How to compare two DateTime strings and return difference in hours? (bash shell)

Tag: linux , shell , unix Author: gverhgrtjrjrtj656k Date: 2011-10-28

I can do that in php with the following code:

$dt1 = '2011-11-11 11:11:11';
$t1 = strtotime($dt1);

$dt2 = date('Y-m-d H:00:00');
$t2 = strtotime($dt2);

$tDiff = $t2 - $t1;

$hDiff = round($tDiff/3600);

$hDiff will give me the result in hours.

How do I implement the above in bash shell?

This is pretty hard to do in most shell environments. I'd stick to a php script if that's what you're already comfortable with.

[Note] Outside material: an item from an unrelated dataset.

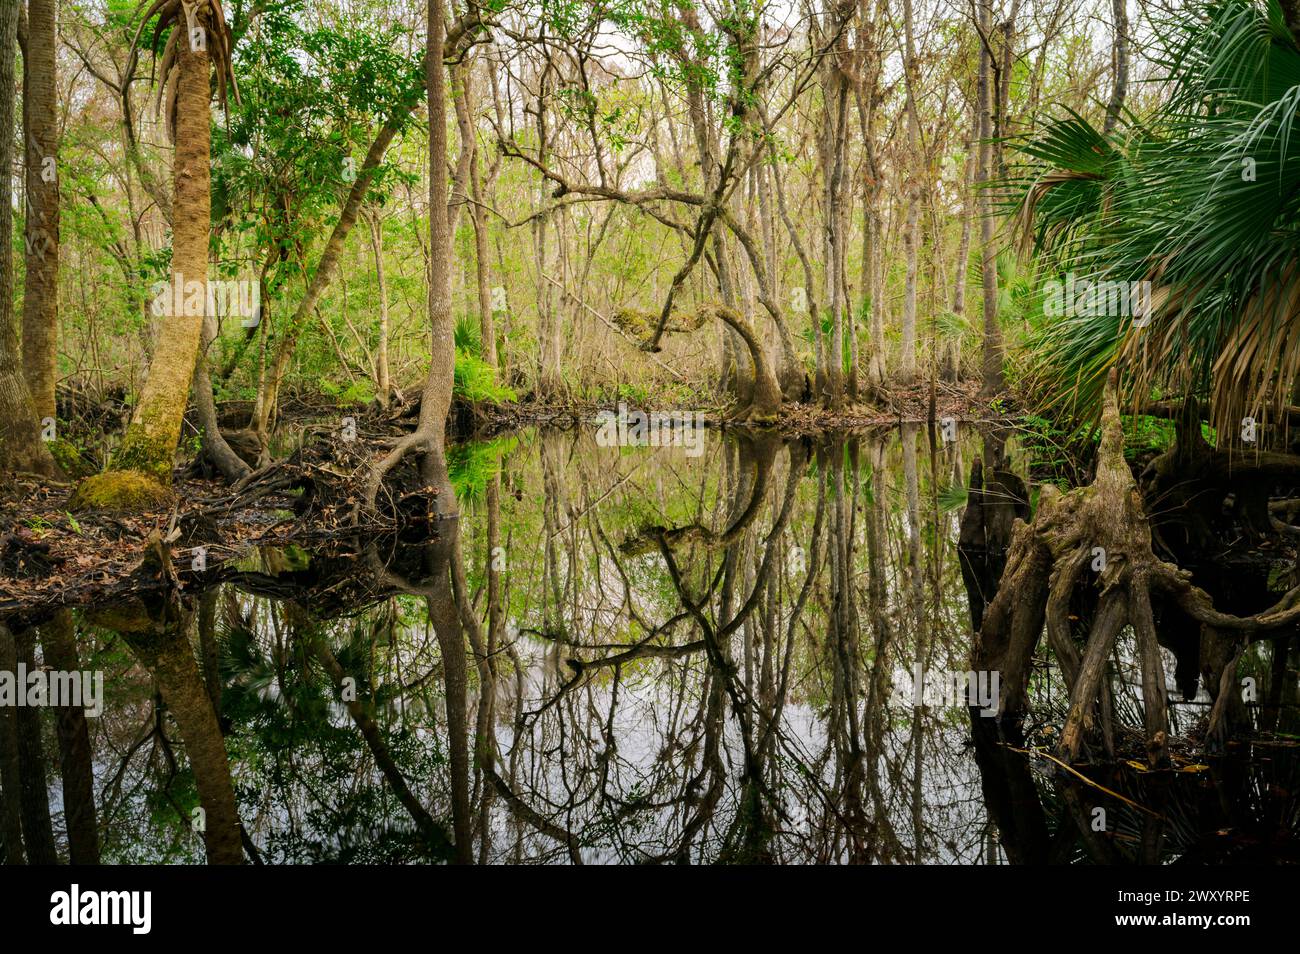 Zypressenwald im Sumpfgebiet des Lake Norris Conservationa Area, Florida, USA. Stockfoto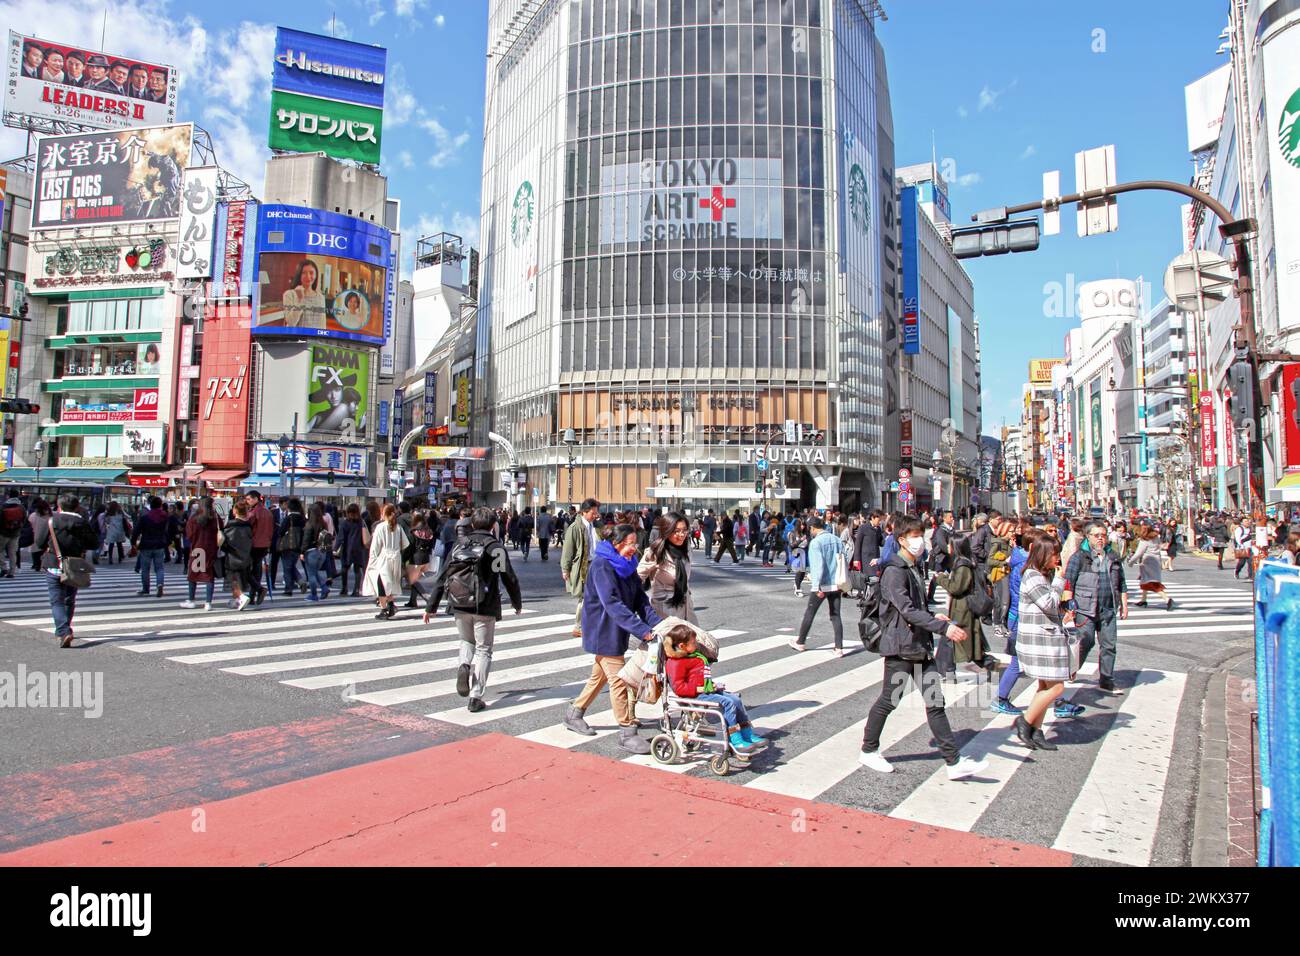 The Shibuya Intersection or Shibuya Crossing in Tokyo, Japan. Stock Photo

Perl and Python are also good at this sort of thing.

Best Answer

You could use date command to achieve this. man date will provide you with more details. A bash script could be something on these lines (seems to work fine on Ubuntu 10.04 bash 4.1.5):

#!/bin/bash                                                                                                                                                   

# Date 1
dt1="2011-11-11 11:11:11"
# Compute the seconds since epoch for date 1
t1=`date --date="$dt1" +%s`

# Date 2 : Current date
dt2=`date +%Y-%m-%d\ %H:%M:%S`
# Compute the seconds since epoch for date 2
t2=`date --date="$dt2" +%s`

# Compute the difference in dates in seconds
let "tDiff=$t2-$t1"
# Compute the approximate hour difference
let "hDiff=$tDiff/3600"

echo "Approx hour diff b/w $dt1 & $dt2 = $hDiff"

Hope this helps!

comments:

Found this probably about the same time you posted: unix.com/tips-tutorials/…